This Company is Ahead of the (Tag) Game

Don’t look now, but radio frequency identification (RFID) chips are all around you. They’re used in toll booths, at the gas pump, in retail stores and on the farm to keep track of animals. They even allow store managers to change the price of a product on the shelf with the mere press of a button. In the aviation field, they’re used to track aircraft parts and passenger bags.

Worldwide sales of RFID-related technology hit $5.4 billion in 2009, up from about $4.7 billion in 2008, according to ABI Research, a consulting firm in Oyster Bay, N.Y. ABI expects worldwide annual RFID revenues to grow +12% a year through 2014.

The use of RFID tags for highly precise tracking in supply chains is crossing over from the consumer world to emerge as a mainstream technology in the aviation sector.

Following the path of major retailers such as Wal-Mart (NYSE: WMT), the aviation field is embracing RFID, a “paradigm-shifting” innovation that is generating operational efficiencies and enhancing security within major airports and aviation supply chains.

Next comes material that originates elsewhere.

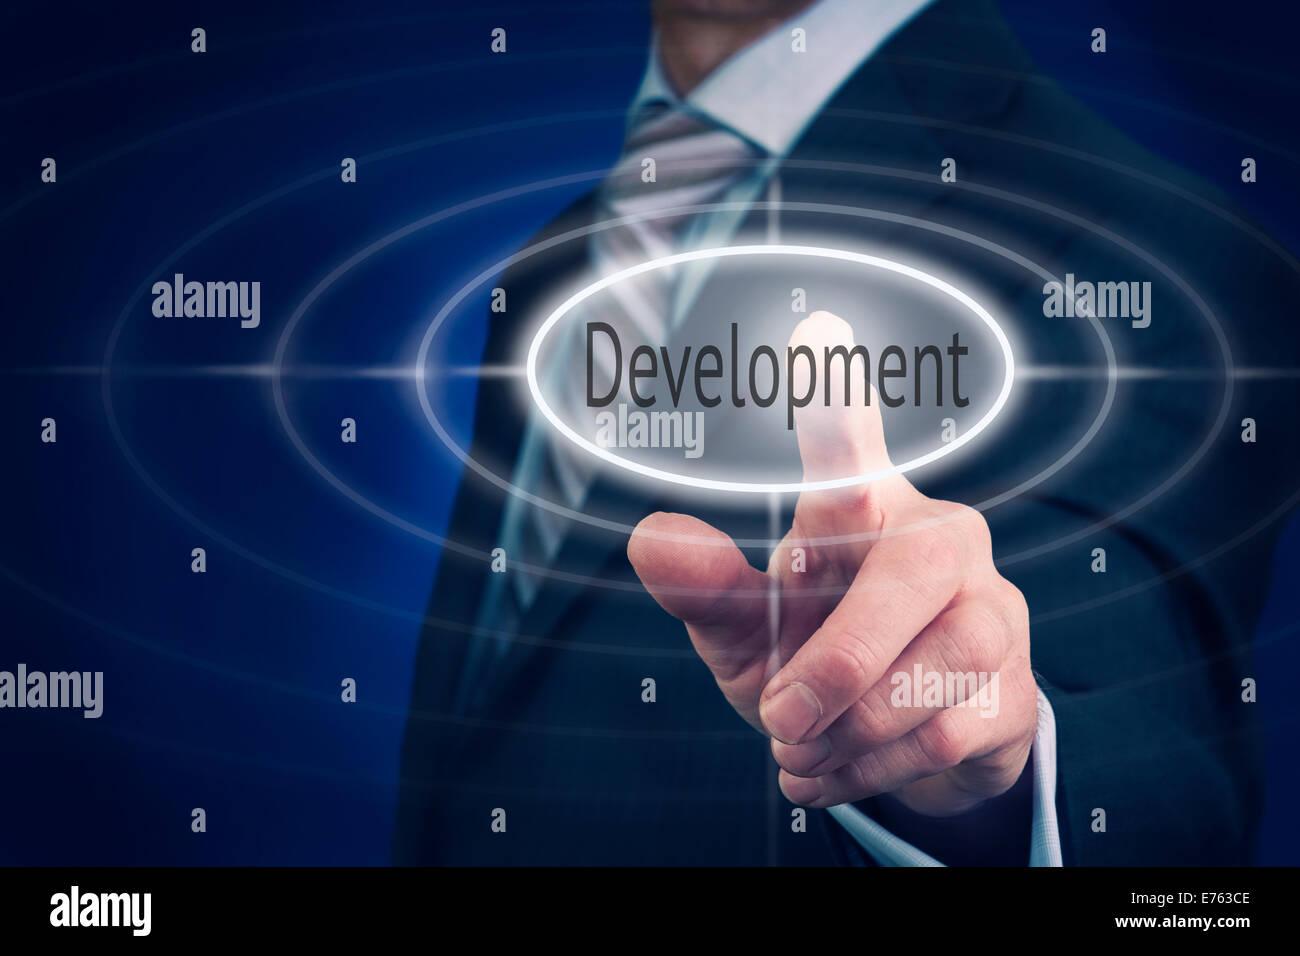 Businessman pressing a Development concept button. - Stock Image

Simply put, RFID tags automatically identify a “tagged” object or person by storing and remotely retrieving information from small transponders, or tags. Each tag features a built-in antenna that allows for the transmission and reception of radio waves from an RFID transceiver. As the tags get smaller, the most sophisticated manufacturers of them, notably Avery Dennison Corp. (NYSE: AVY), are adding increased capabilities for greater accuracy.

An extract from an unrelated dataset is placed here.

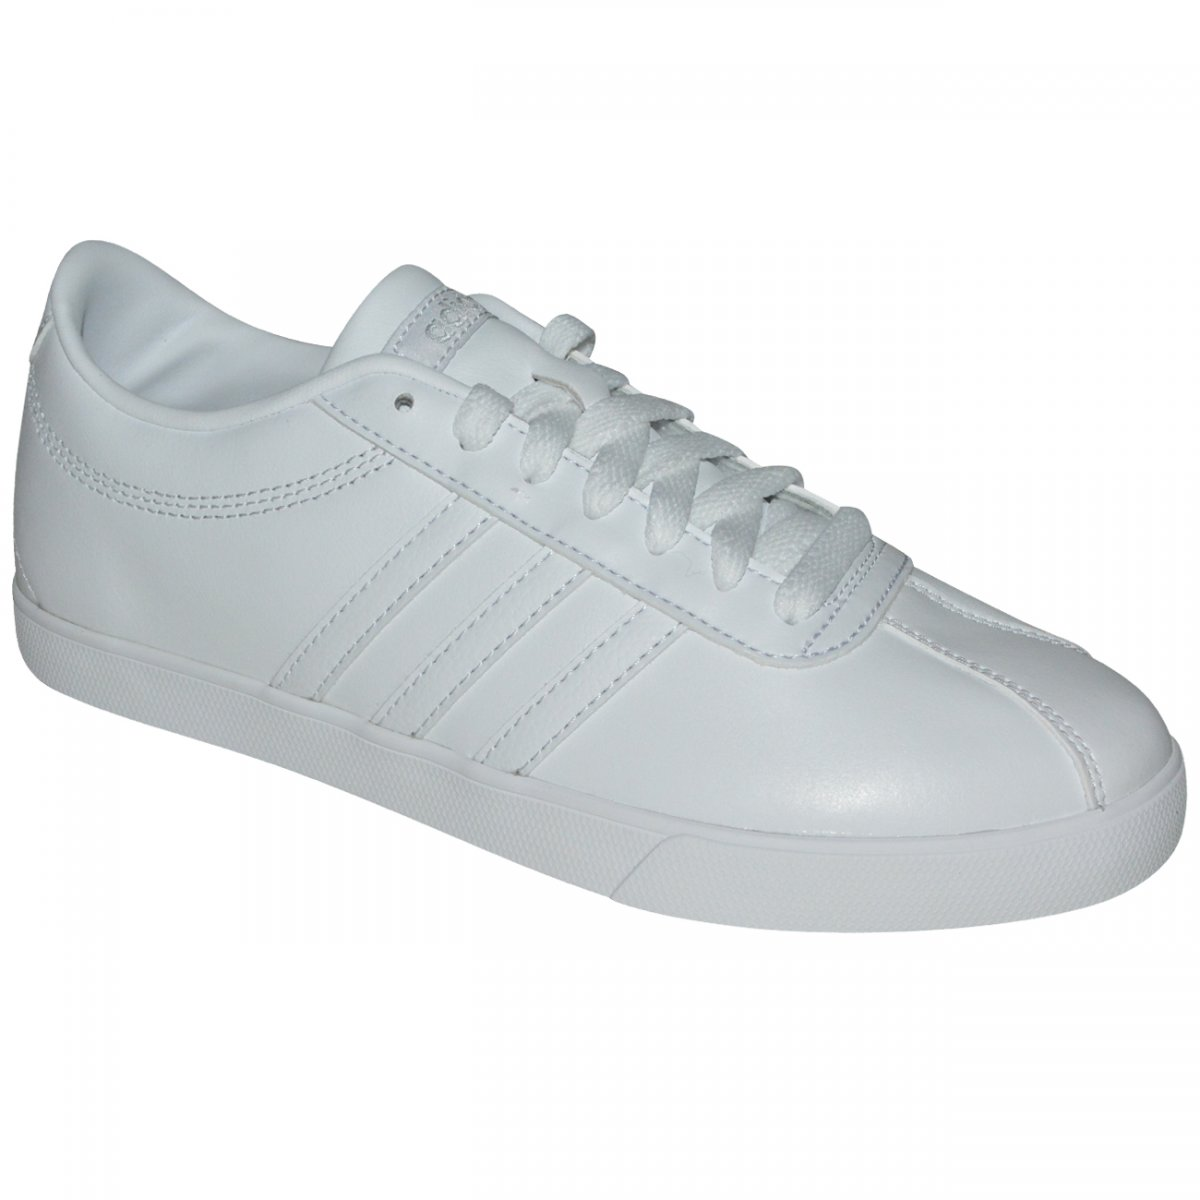 7ce42b27b6 Tenis Adidas Courtset W BB9659 - Branco Branco - Chuteira Nike ...

Pasadena, Calif.-based Avery Dennison is the smartest investment play in the RFID field. Avery Dennison makes a wide variety of information and brand management RFID tags that include graphic tags and labels, variable data tags, printed fabric labels, and heat transfers.

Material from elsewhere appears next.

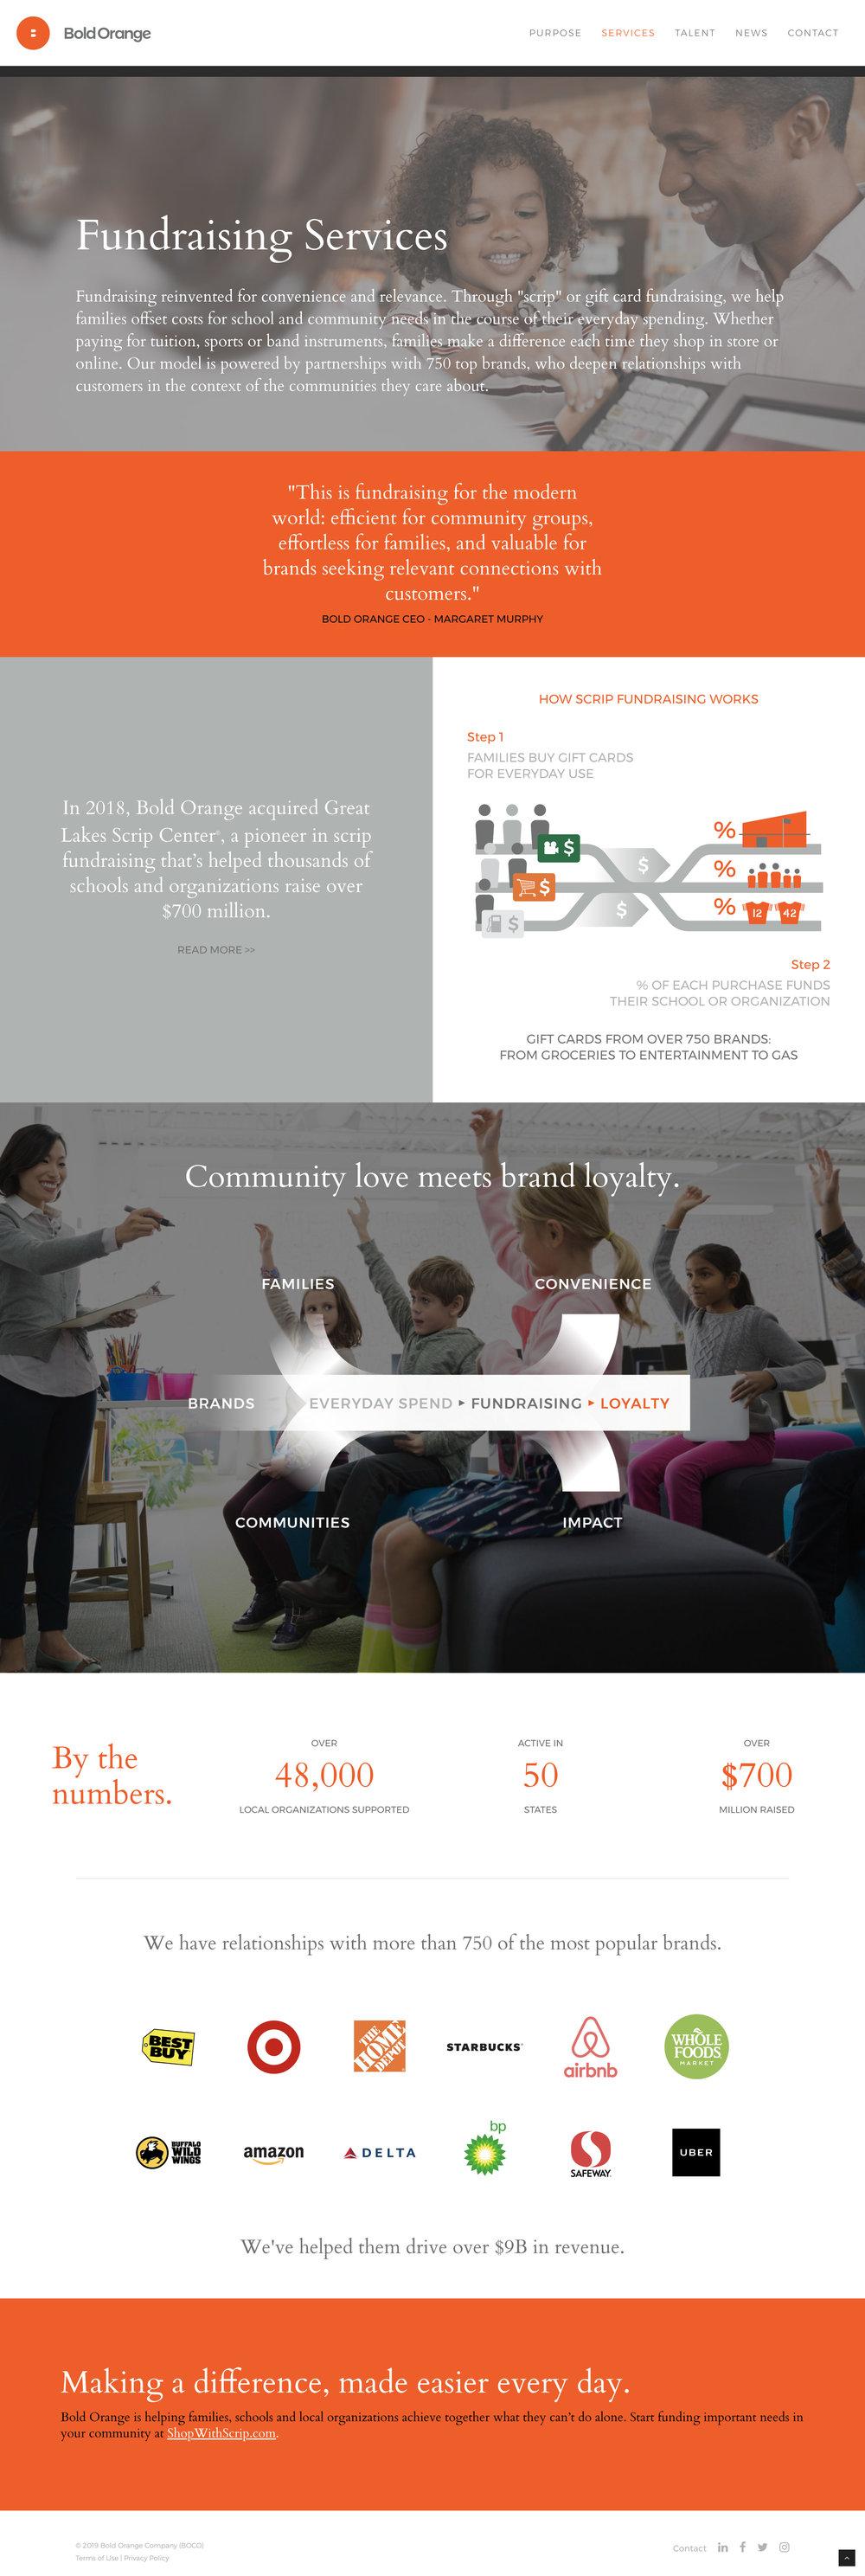 screencapture-boldorange-services-fundraising-services-2019-01-09-16_45_47 copy.jpg

In 2004, this old-line company foresaw the rapid growth of RFID applications and created a special division dedicated to the manufacturing and marketing of the product. The RFID division now is the fastest growing at the firm, exceeding $50 million a year in sales in 2009. That’s still a small portion of the company’s $6.7 billion in annual sales, but the upside is huge, given the company’s foothold in superior RFID technology, combined with its longtime supply chain expertise and recent inroads in aviation.

Avery Dennison’s RFID division also has its own dedicated R&D unit with its own staff, distinct from the rest of the company’s other groups. Company executives assert that RFID represents Avery Dennison’s single largest long-term growth opportunity.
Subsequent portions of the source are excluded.